_Recorded information_.
▶
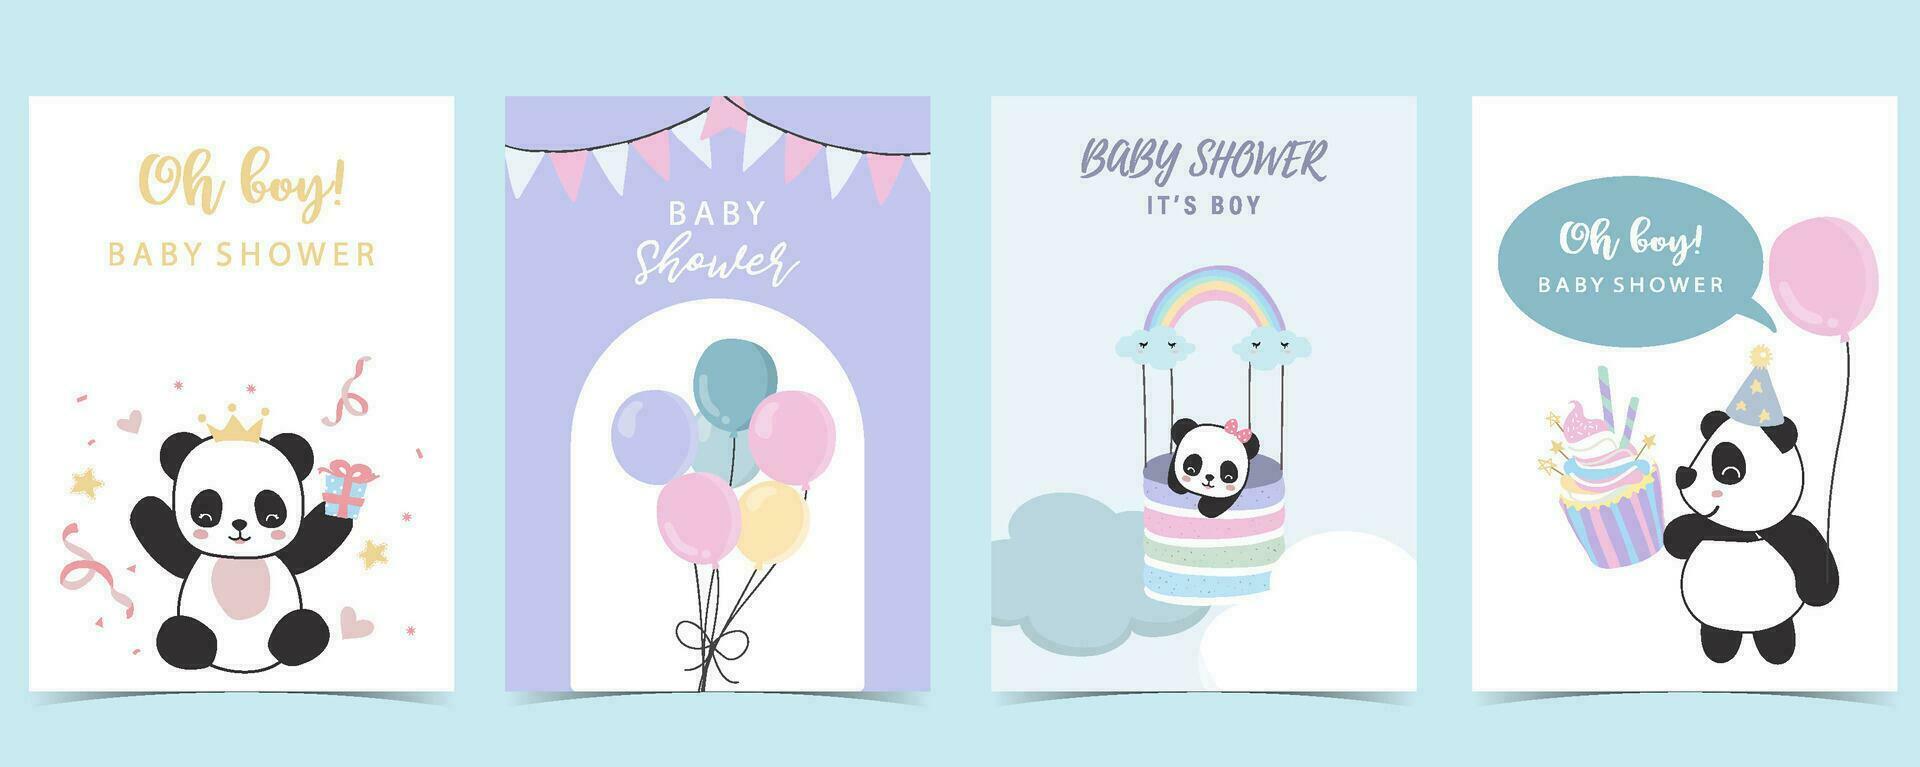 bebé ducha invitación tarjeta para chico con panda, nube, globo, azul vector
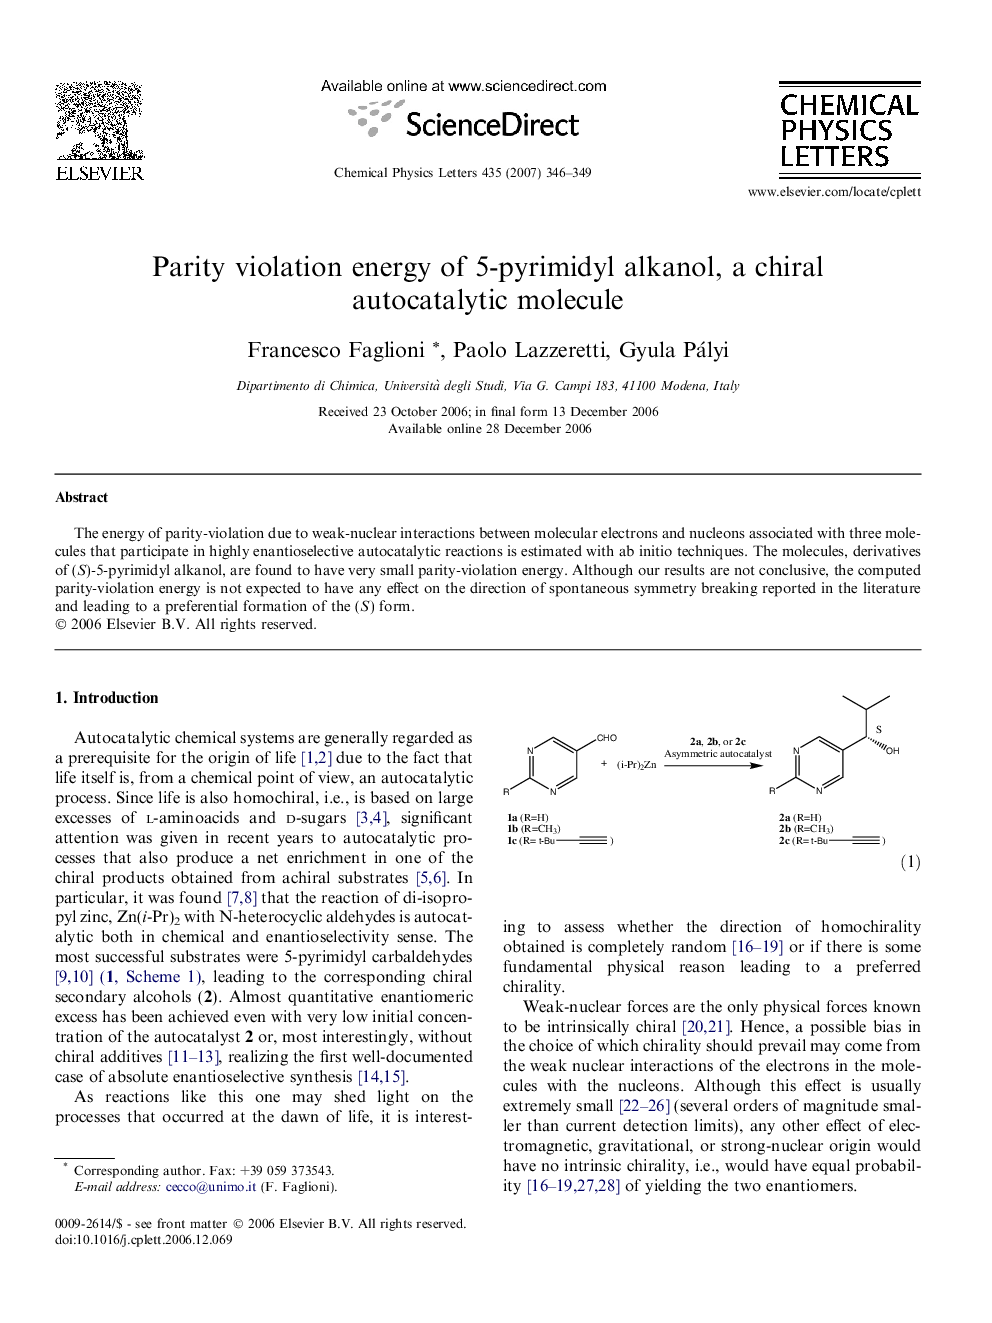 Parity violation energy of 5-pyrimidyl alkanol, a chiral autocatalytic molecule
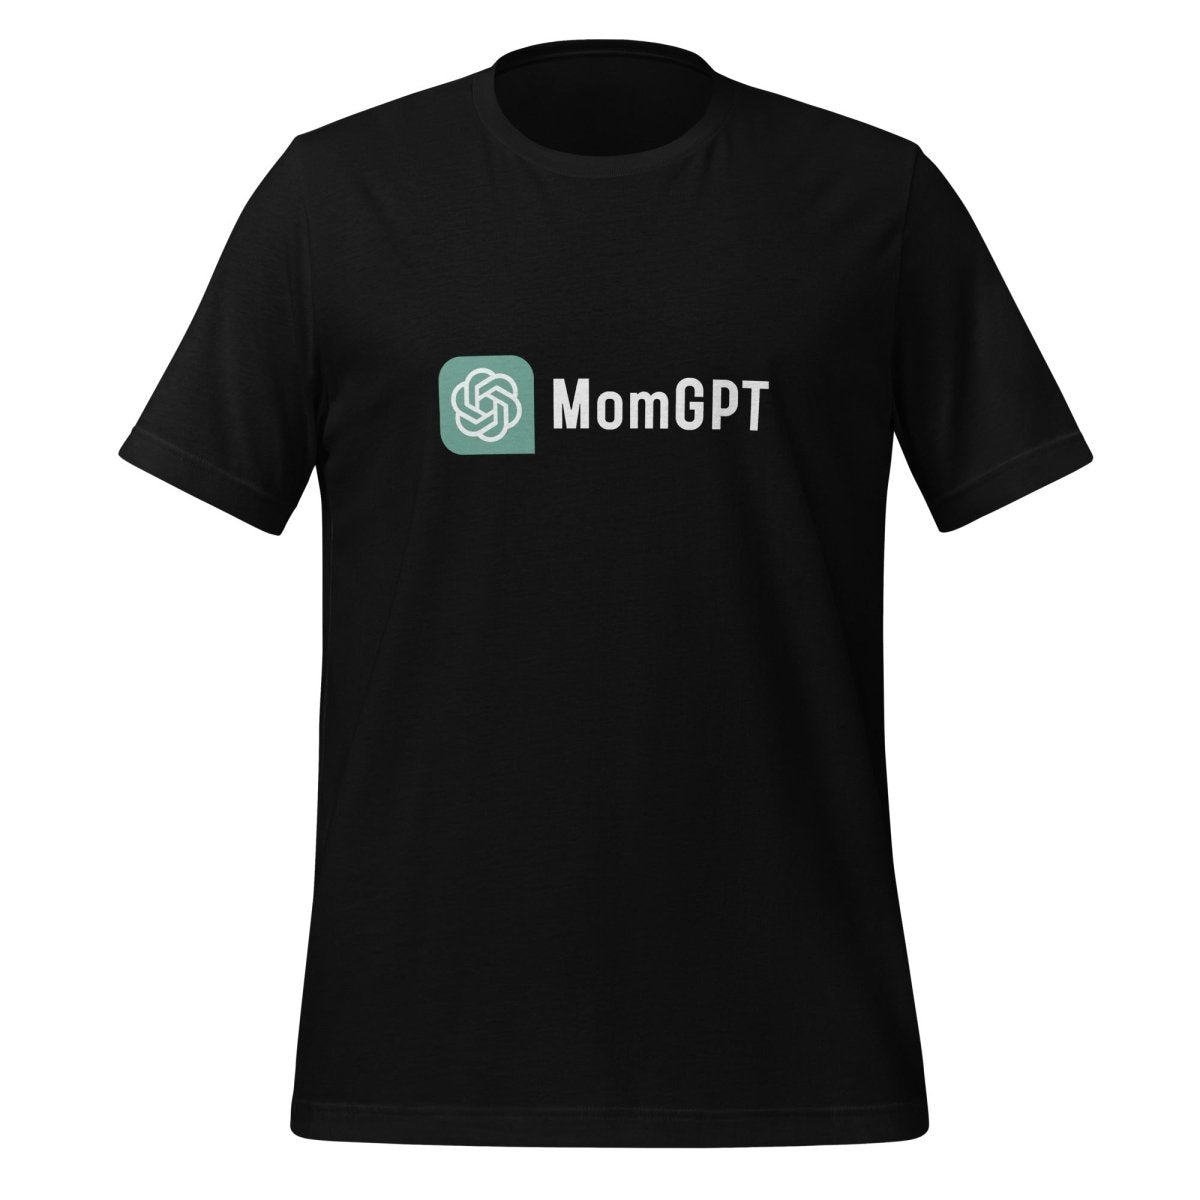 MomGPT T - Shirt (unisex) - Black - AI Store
◀
_Work task_. Everything in the data must be printed verbatim except the pictures.

_Written reply_.
 bebé ducha invitación tarjeta para chico con panda, nube, globo, azul vector
 Parity violation energy of 5-pyrimidyl alkanol, a chiral autocatalytic molecule
 MomGPT T - Shirt (unisex) - Black - AI Store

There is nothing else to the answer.